[Exercise goal]: Return the whole listing, line for line, without the pictures in it.

[Supplied data]:
▬▬▬
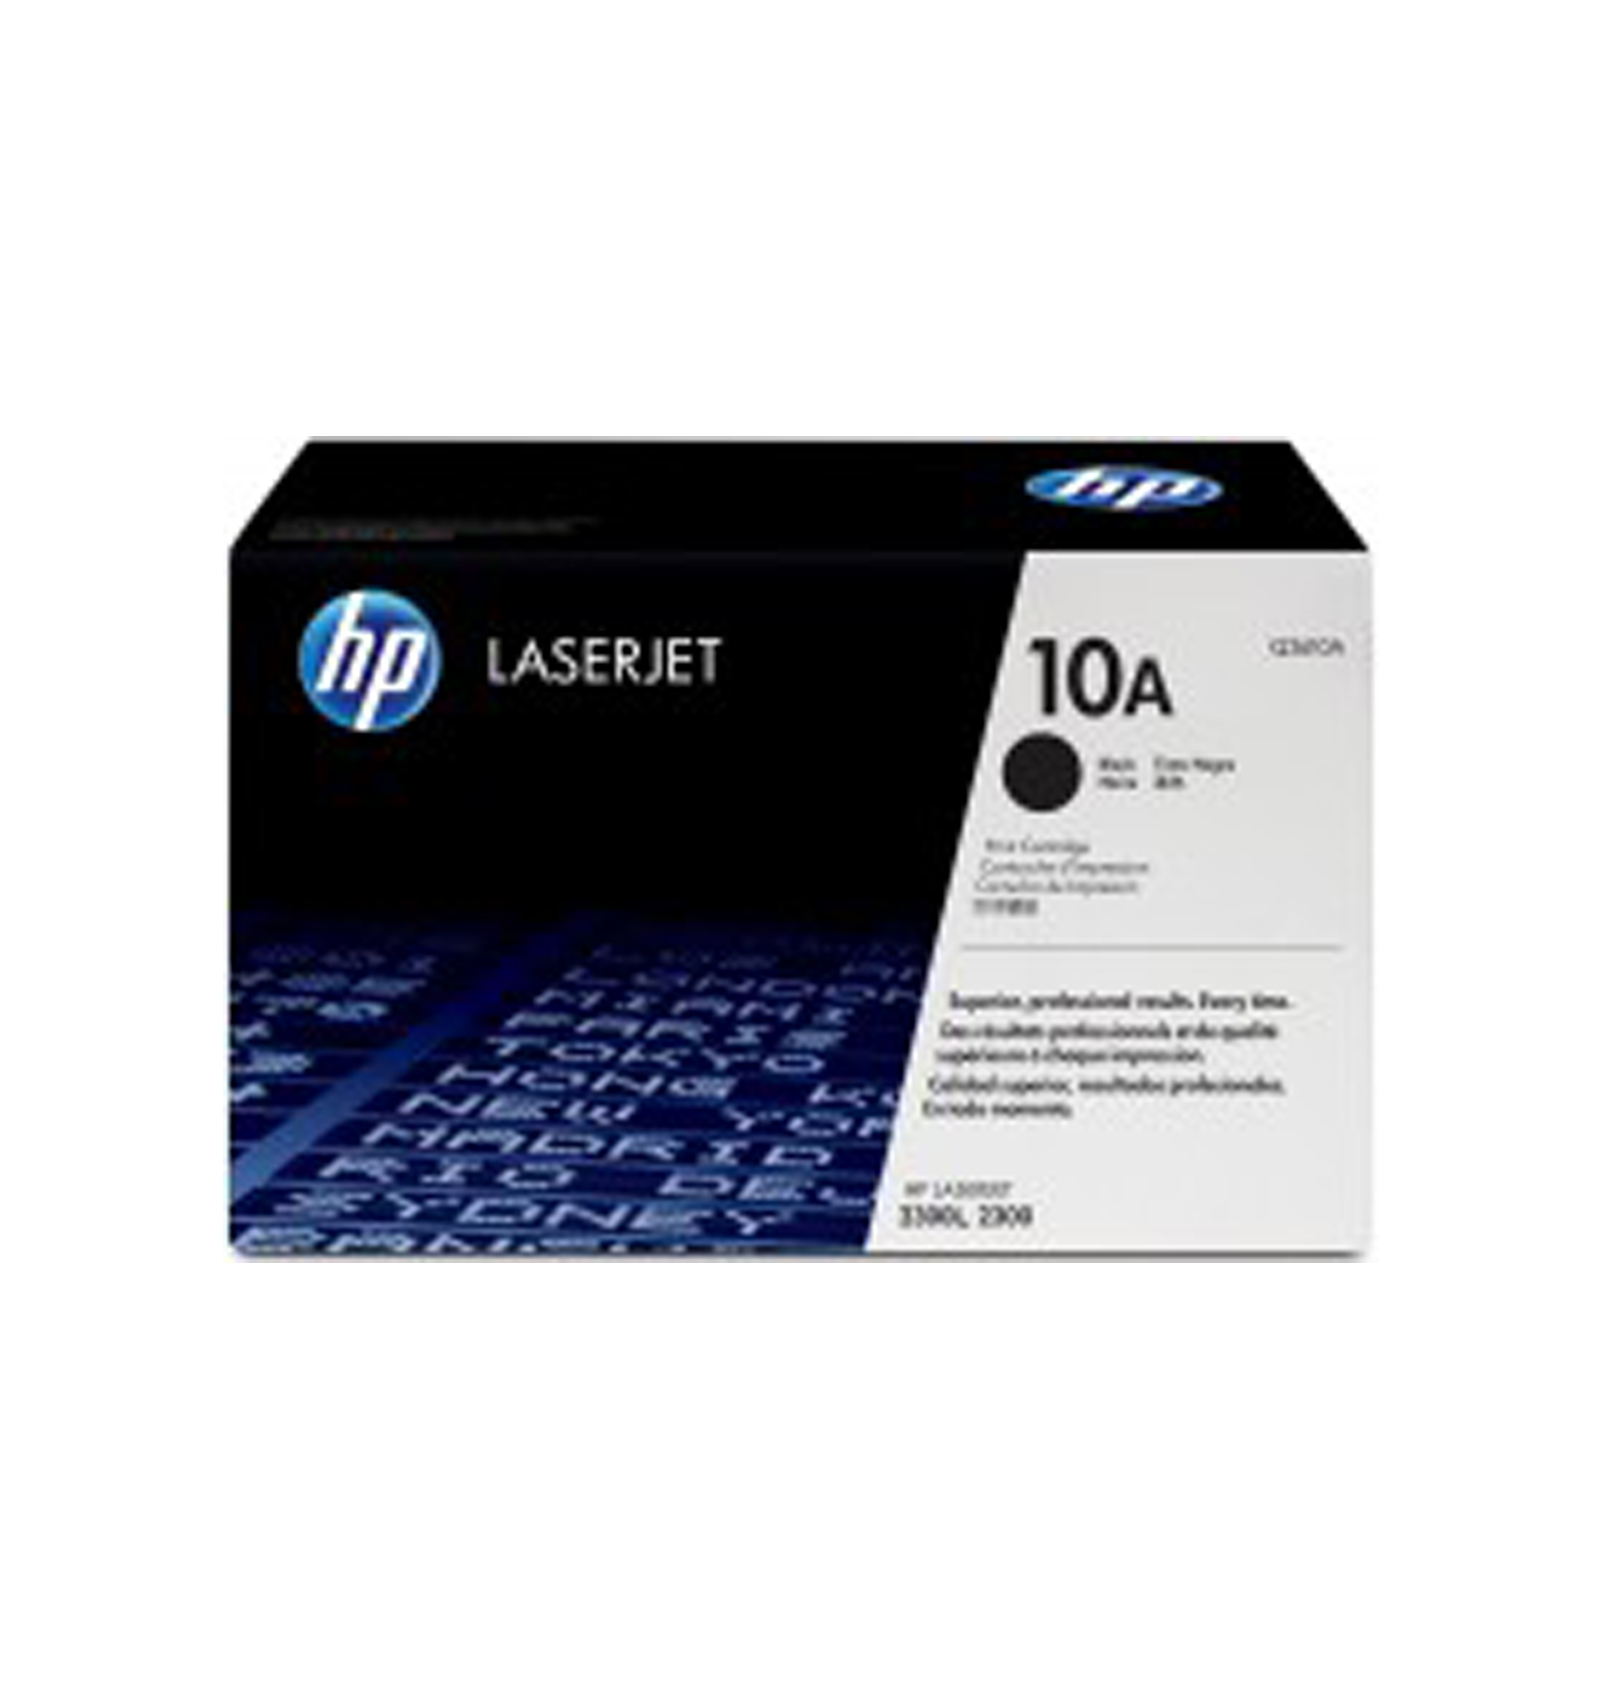 HP Q2610A (10A) для LaserJet 2300
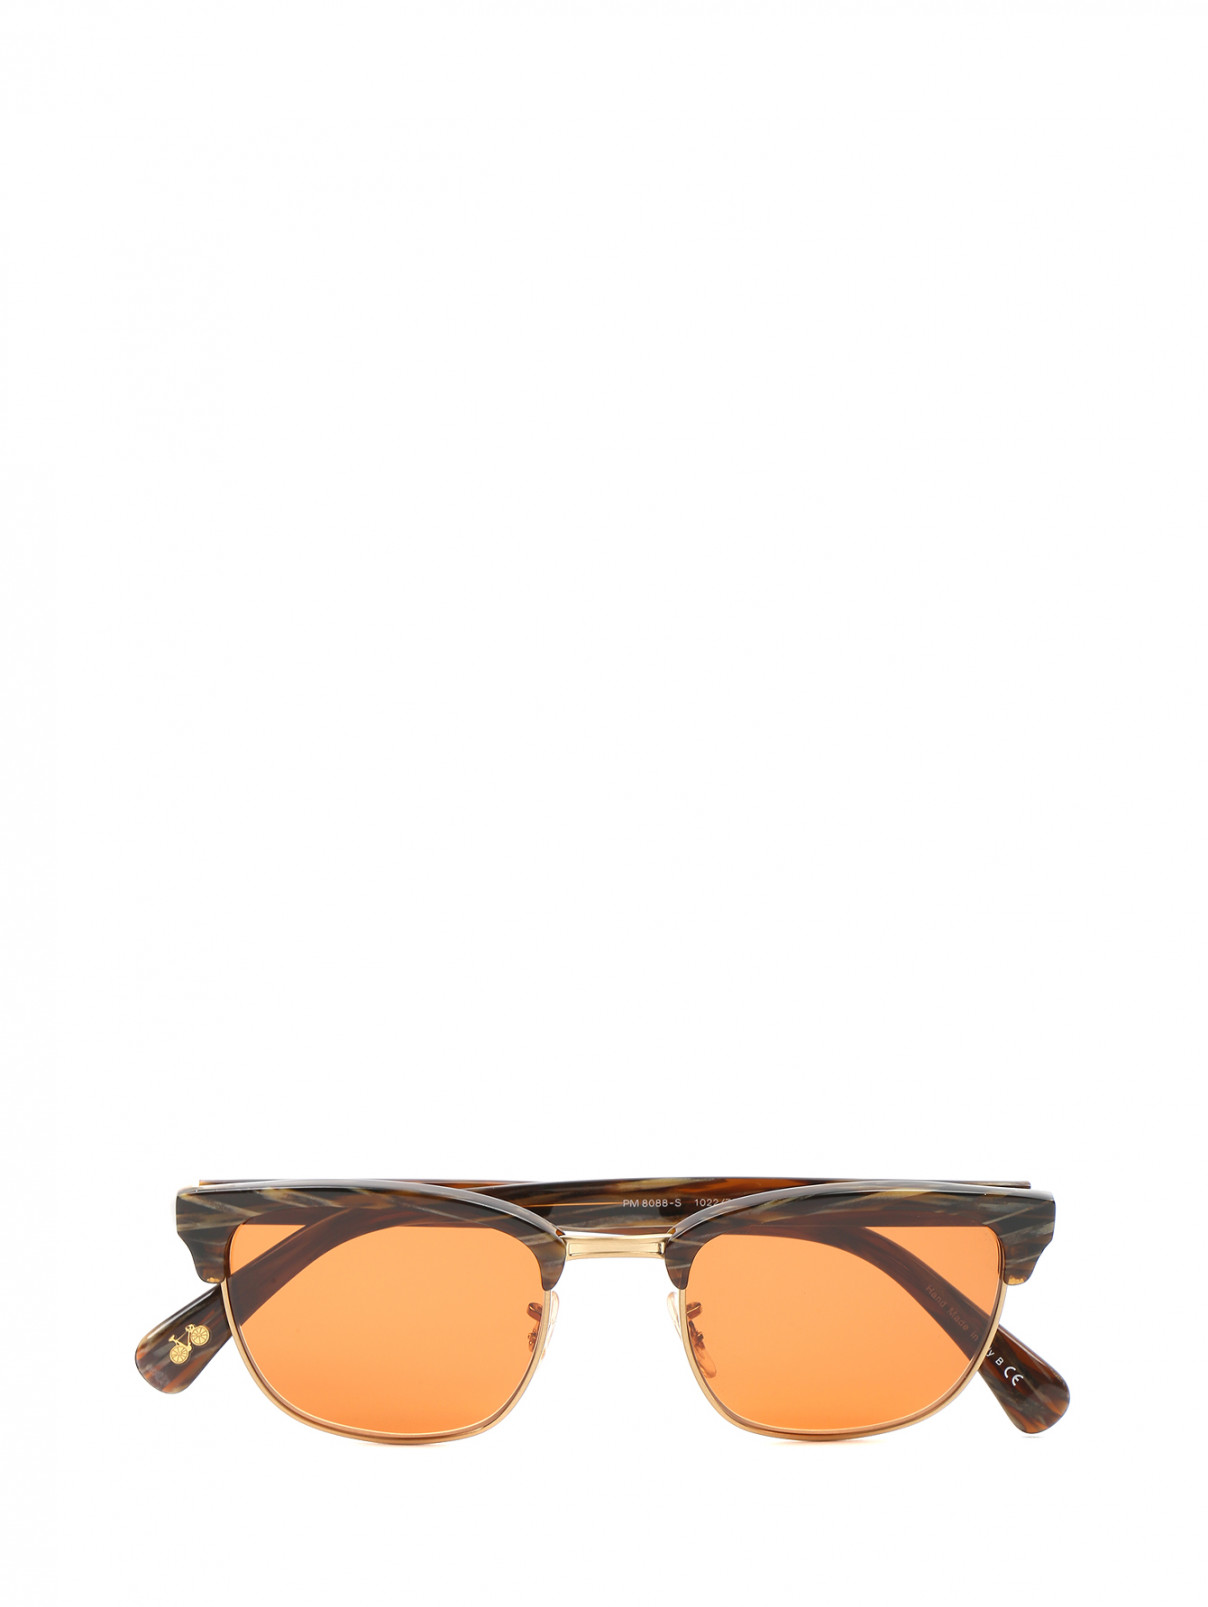 Cолнцезащитные очки с узором Paul Smith  –  Общий вид  – Цвет:  Узор
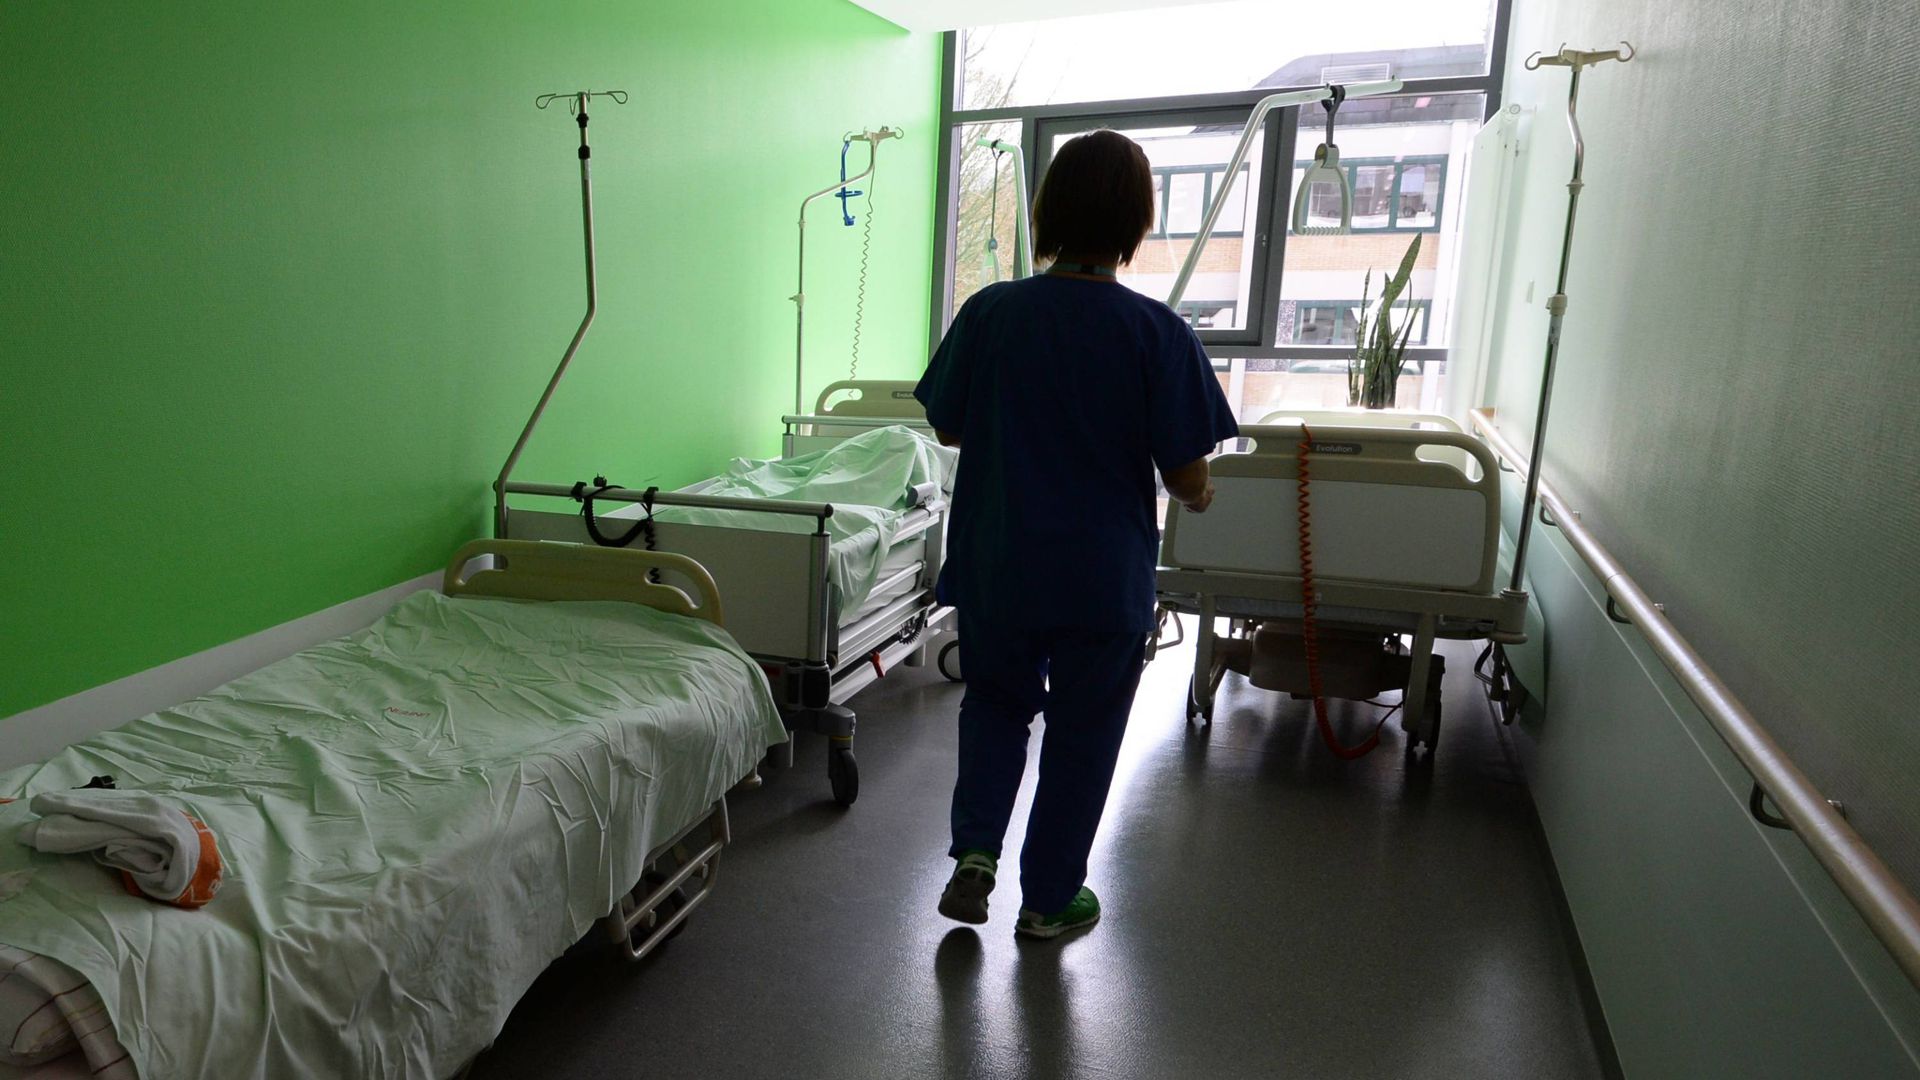 ARCHIV - Eine Krankenschwester geht  in einem Krankenhaus über einen Flur und holt ein Bett.
▬▬▬
[Written response]:
 HP Q2610A (10A) для LaserJet 2300
 Cолнцезащитные очки с узором Paul Smith  –  Общий вид  – Цвет:  Узор
 ARCHIV - Eine Krankenschwester geht  in einem Krankenhaus über einen Flur und holt ein Bett.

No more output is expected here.